Q&A: How to Find Open Problems for Math Research?

by Justin Skycak on

Cross-posted from here.

Question

Though not an undergraduate student, I just wanted to know where can I find hard new types of problems regarding the problems in graduate level mathematics.

Where can I find all kinds of research and open problems? I know that Wikipedia gives a list of problems but I still doubt that there are many problems on some authentic math-research websites.

Answer

I am happy to answer, though I need to preface my answer with a couple disclaimers:

  • It's really unlikely that you'll be able to rigorously solve any of these problems without a thorough background in both undergraduate and graduate-level math. Even graduate students generally need to spend some time specializing before they're in a position where they can make a contribution towards the "edge" of humanity's collective mathematical knowledge.
  • I'm not a professional research mathematician.

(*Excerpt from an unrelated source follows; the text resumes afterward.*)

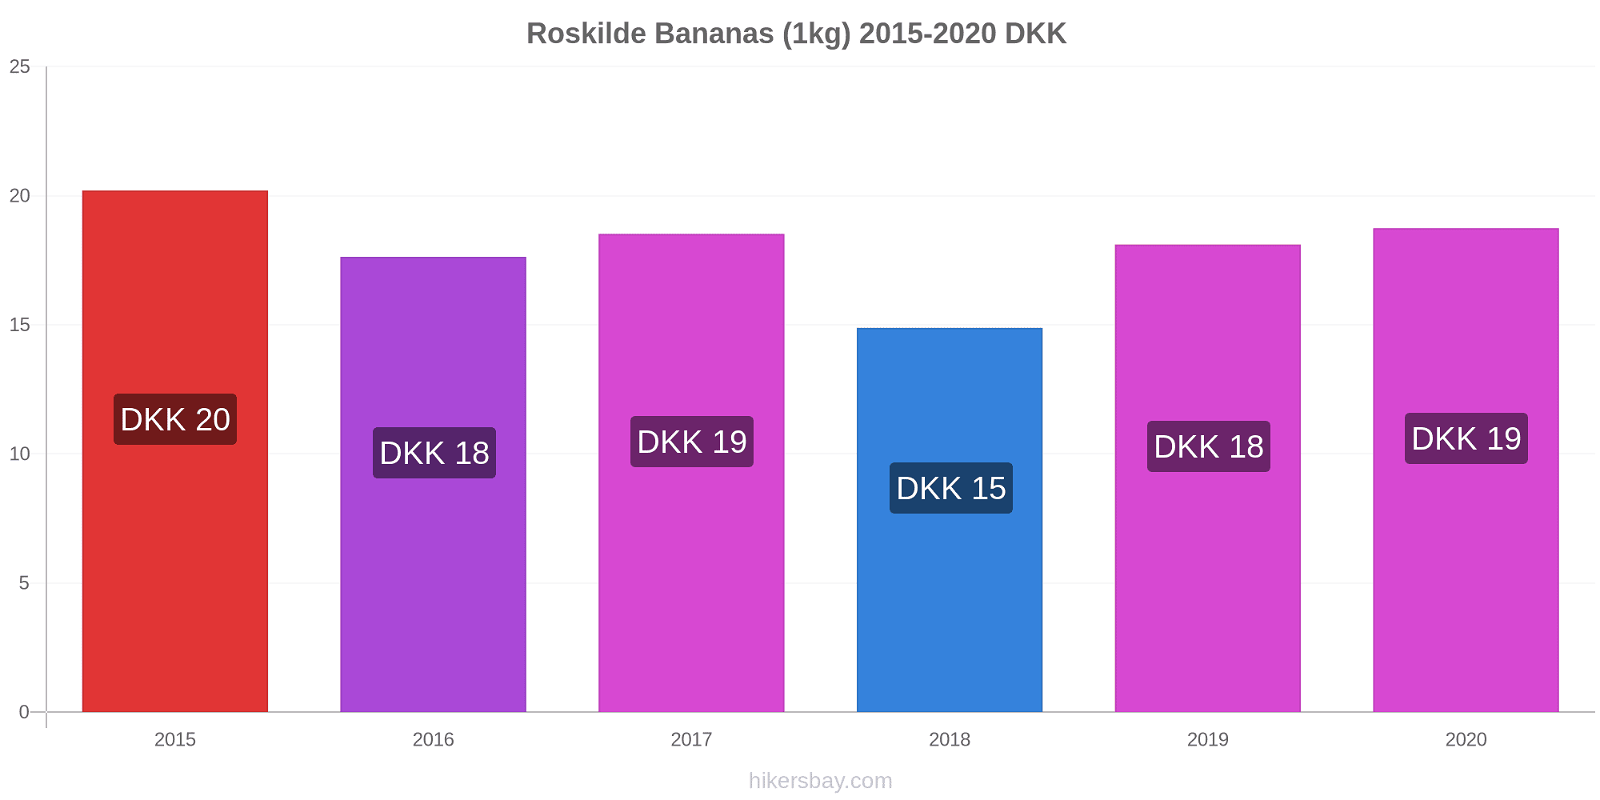 Roskilde price changes Bananas (1kg) hikersbay.com
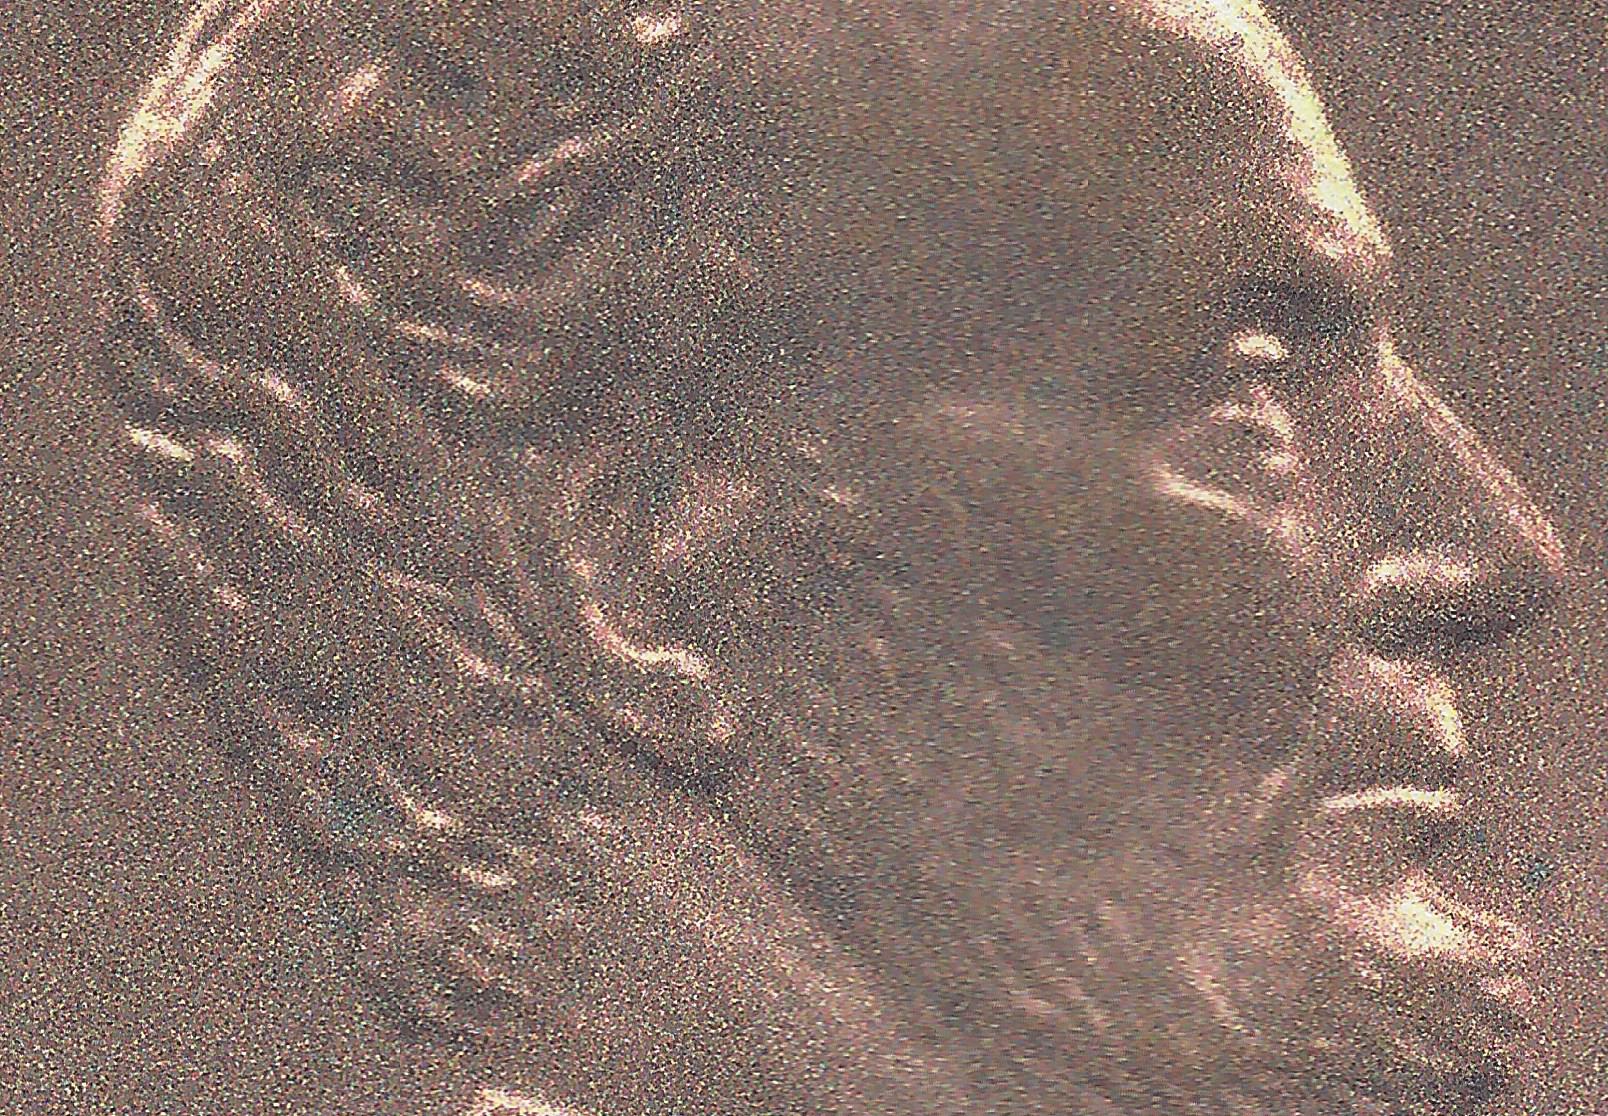 1998-p cent  obverse.jpg close up.jpg

I just had a phase during undergrad when I was really interested in learning more about what kinds of problems are "open" in math today -- in particular, the "typical" kinds of open problems, not just genius-level Millennium Prize problems and the like. (I was curious to see what the "edge" of math looks like nowadays, since today's math goes so deep that it can be hard to know just how deep.)

Anyway, here’s my answer.

The site openproblemgarden.org gets mentioned a lot for these kinds of questions, but it’s heavily slanted towards graph theory and isn’t exactly comprehensive and up-to-date.

I think you’ll have better luck searching Google Scholar with the query "unsolved open problems in [insert specific field of math here]" and putting some date constraint to limit the search to fairly recent results.

For example, you might search “unsolved open problems in combinatorics” and limit the results since 2020. (Of course, this is just a starting point, and you’ll want to play around with the date range and the specificity of the query to get better results.)

Note that if you identify an open problem that you’re interested in learning more about, you’ll also need to do follow-up searches to learn more about the work that has been done on that problem, especially any work that has been done since the “open problem” article that you’re reading was published (who knows, the problem may have been solved since then, or some other kind of progress may have been made).